Controlled in vitro proteolysis of casein using immobilized trypsin: Influence of variation of the enzyme-substrate ratio and the re-use of the immobilized enzyme on the preparation of phosphopeptide-rich fractions



Nahrung 38(6): 551-558



Studies on in vitro proteolysis of casein using dissolved trypsin or covalently bound to oxirane beads have shown that immobilization leads to a change in the peptide pattern of the resulting proteolysate. Experiments on the variation of the enzyme-substrate ratio (E/S = 1/50, 1/100, 1/200, 1/400, 1/800) revealed that, compared with saturation (E/S = 1150), lack of enzyme (E/S = 1/800) results not only in a disproportional decrease in the proteolysis rate, but leads additionally to a qualitatively differing peptide composition of the proteolysates.
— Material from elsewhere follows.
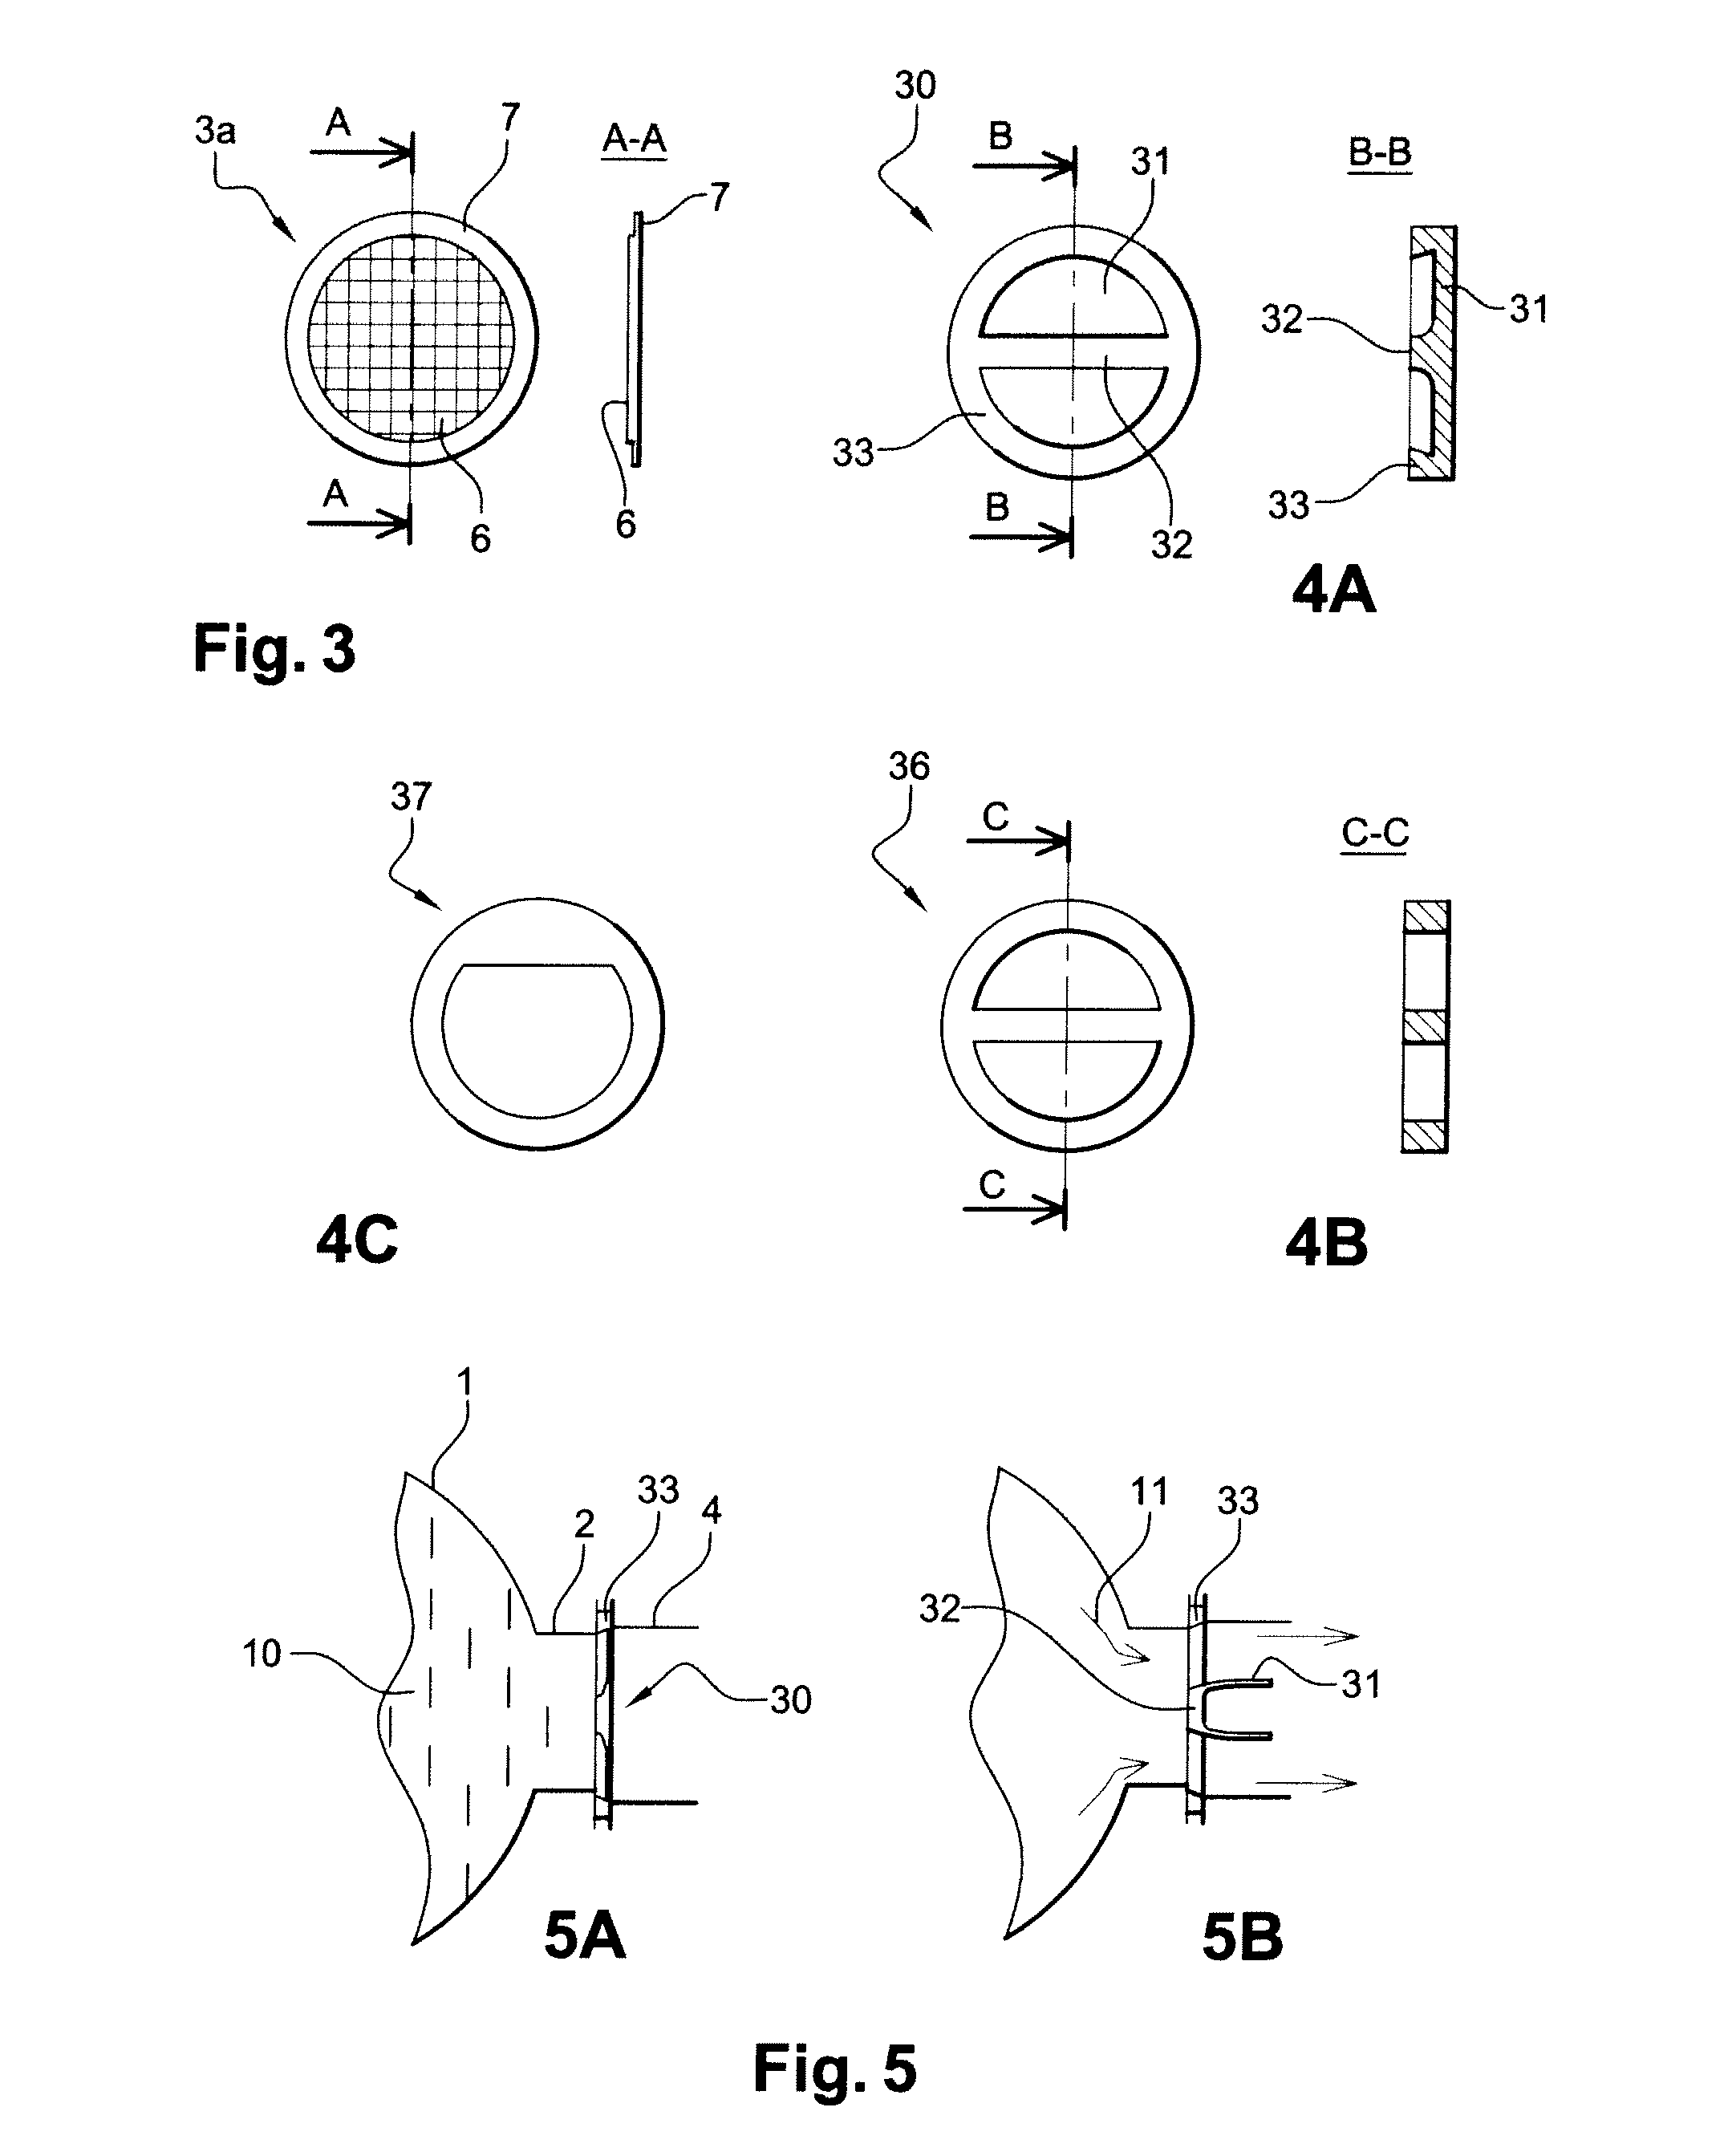 Fluid ejection device

This variation, which appears, on the one hand, not acceptable in regard to a reproducible preparation of biologically active peptides is, on the other hand, a means of controlling proteolysis via the enzyme-substrate ratio. Re-use of the immobilized trypsin caused, after 9 repetitions, a loss in proteolytic activity and in phosphopeptide yields of approximately 25%, whilst the peptide pattern of the proteolysate remained qualitatively unchanged.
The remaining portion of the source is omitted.